> Goal of the exercise
Copy out all of the data word for word. Omit every picture.

> Available data
════════════════════

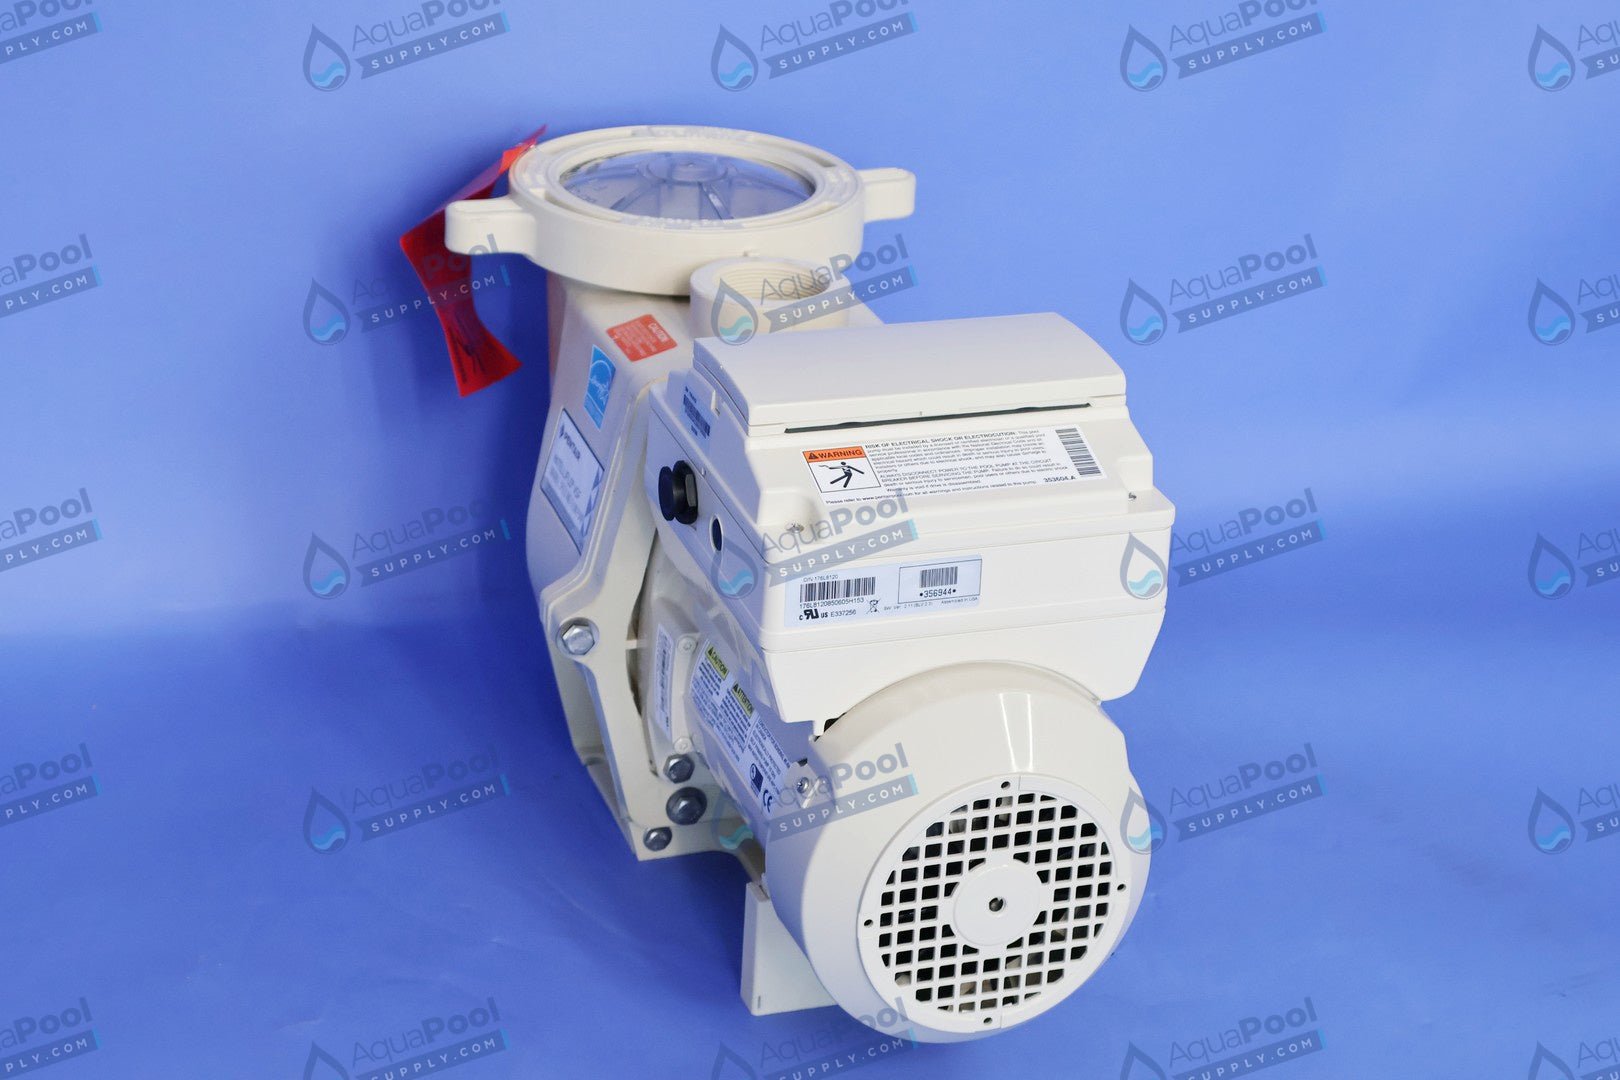 Pentair IntelliFlo® Variable Speed Pump EC-011028 (011056) - Variable Speed Pumps - img-7
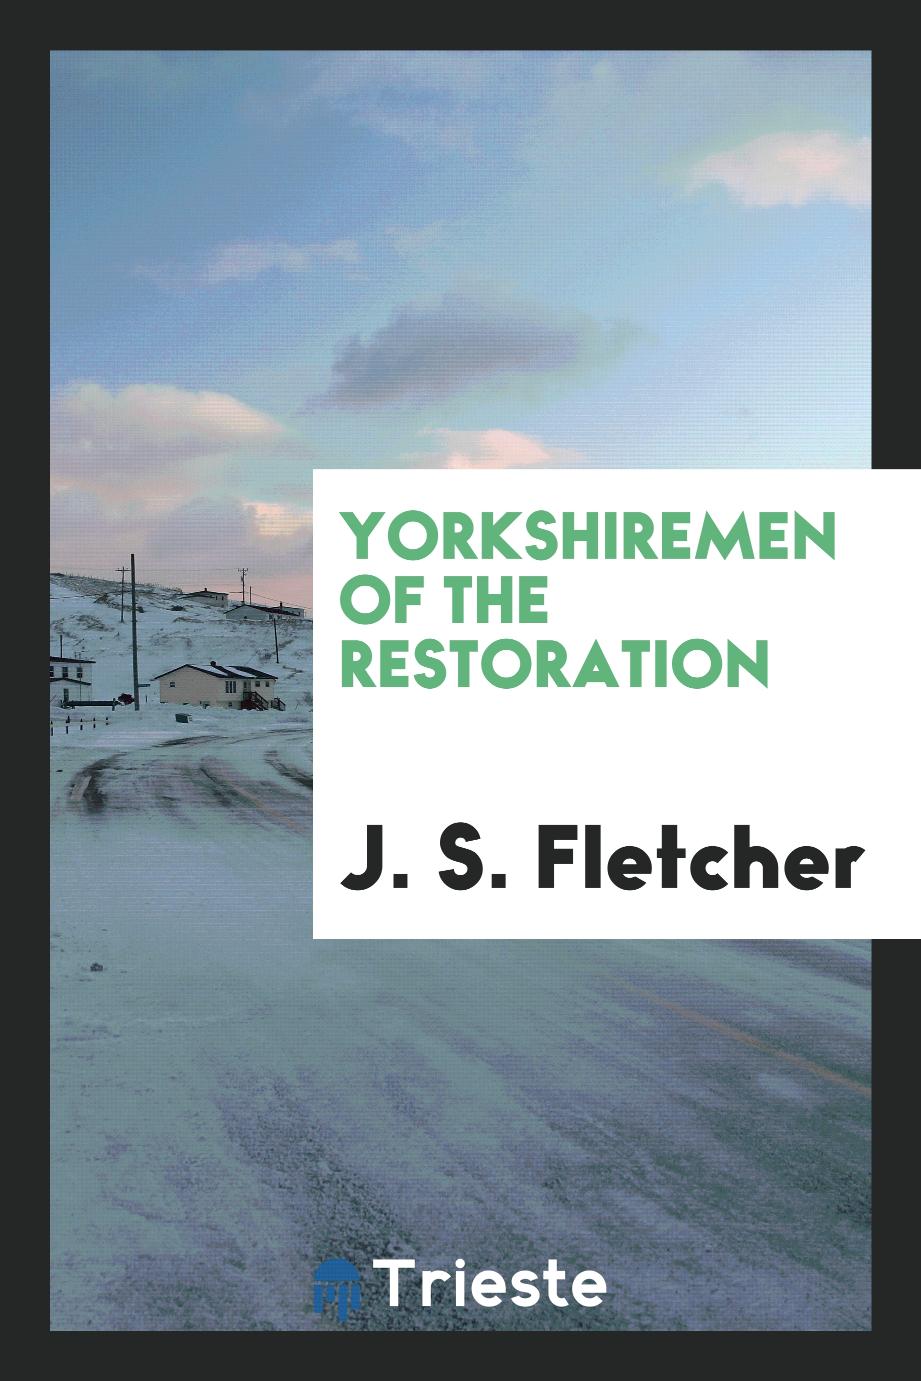 Yorkshiremen of the restoration
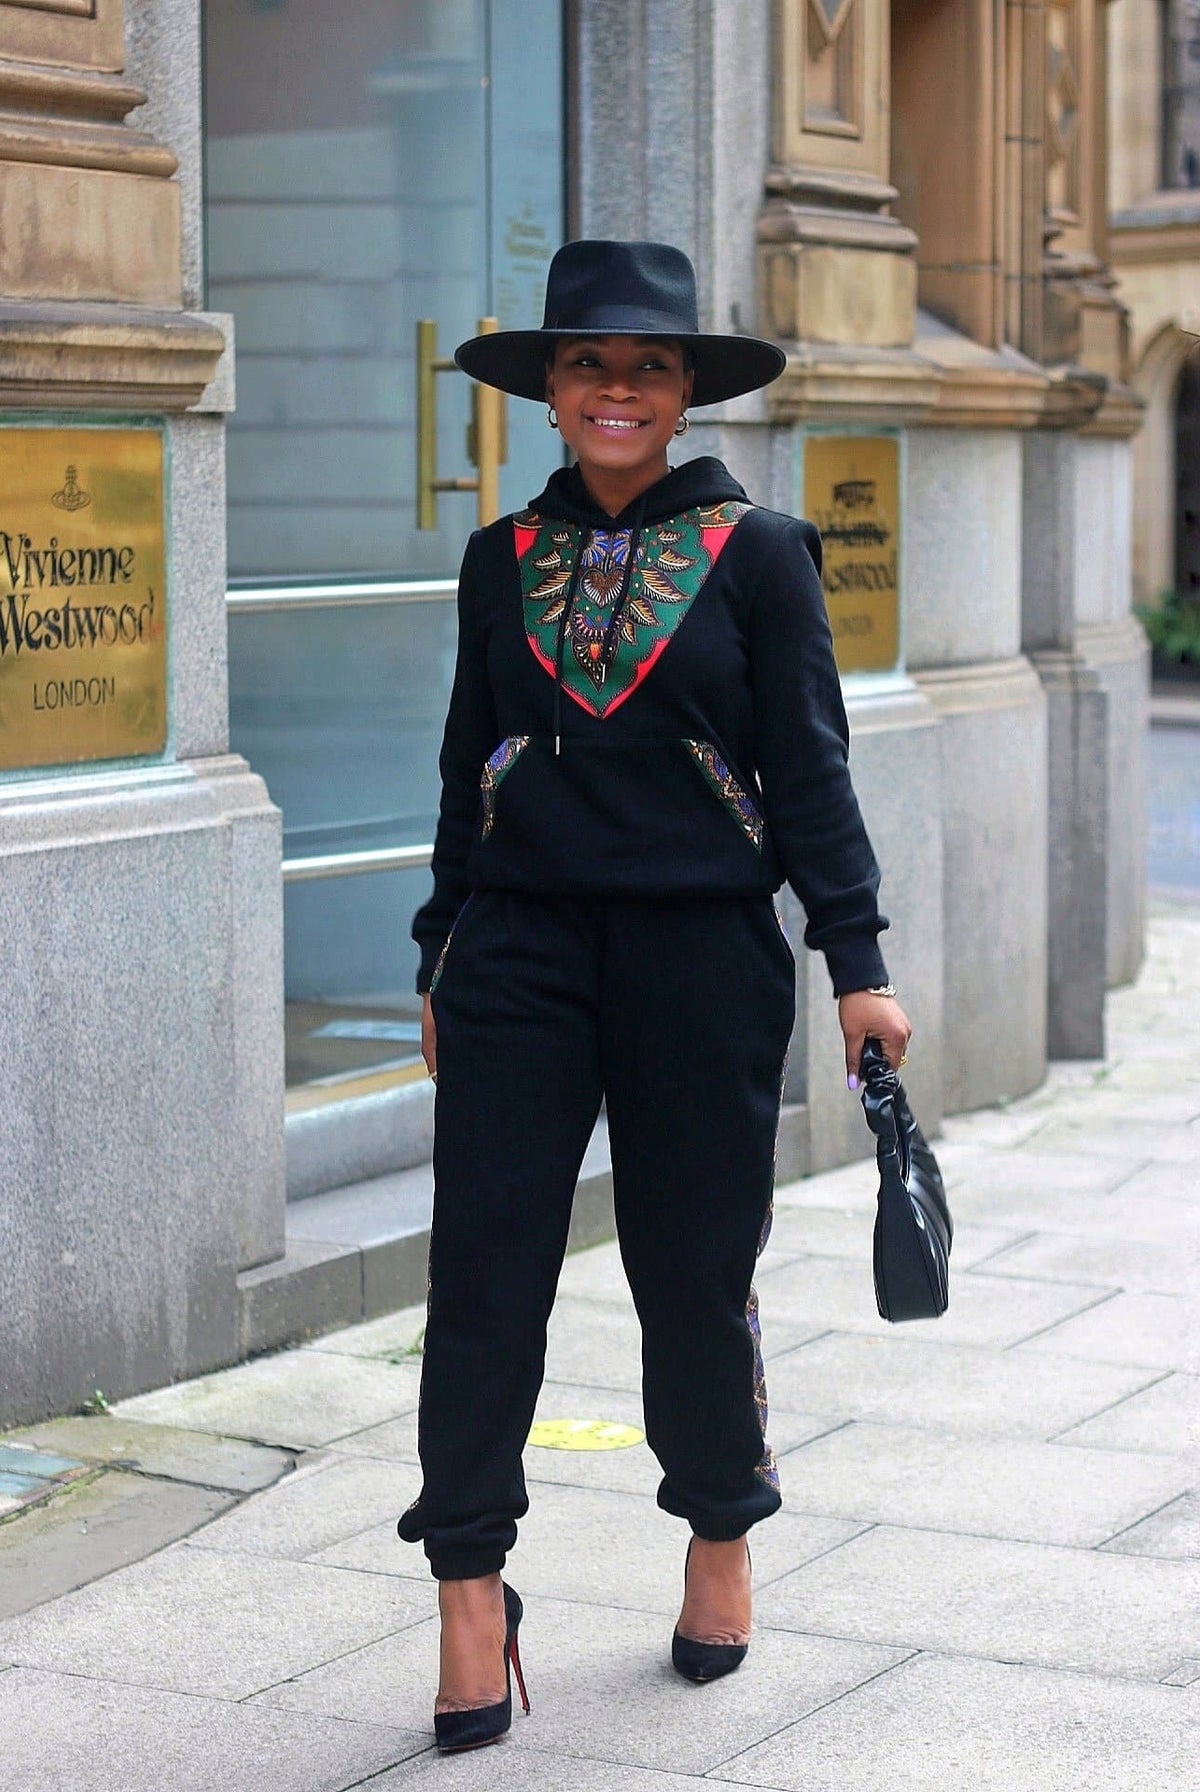 African Clothing | African Print Hoodie/Sweatshirts - Shop CUMO London ...

════════════════════

> Task result
 Pentair IntelliFlo® Variable Speed Pump EC-011028 (011056) - Variable Speed Pumps - img-7
 Yorkshiremen of the restoration
 African Clothing | African Print Hoodie/Sweatshirts - Shop CUMO London ...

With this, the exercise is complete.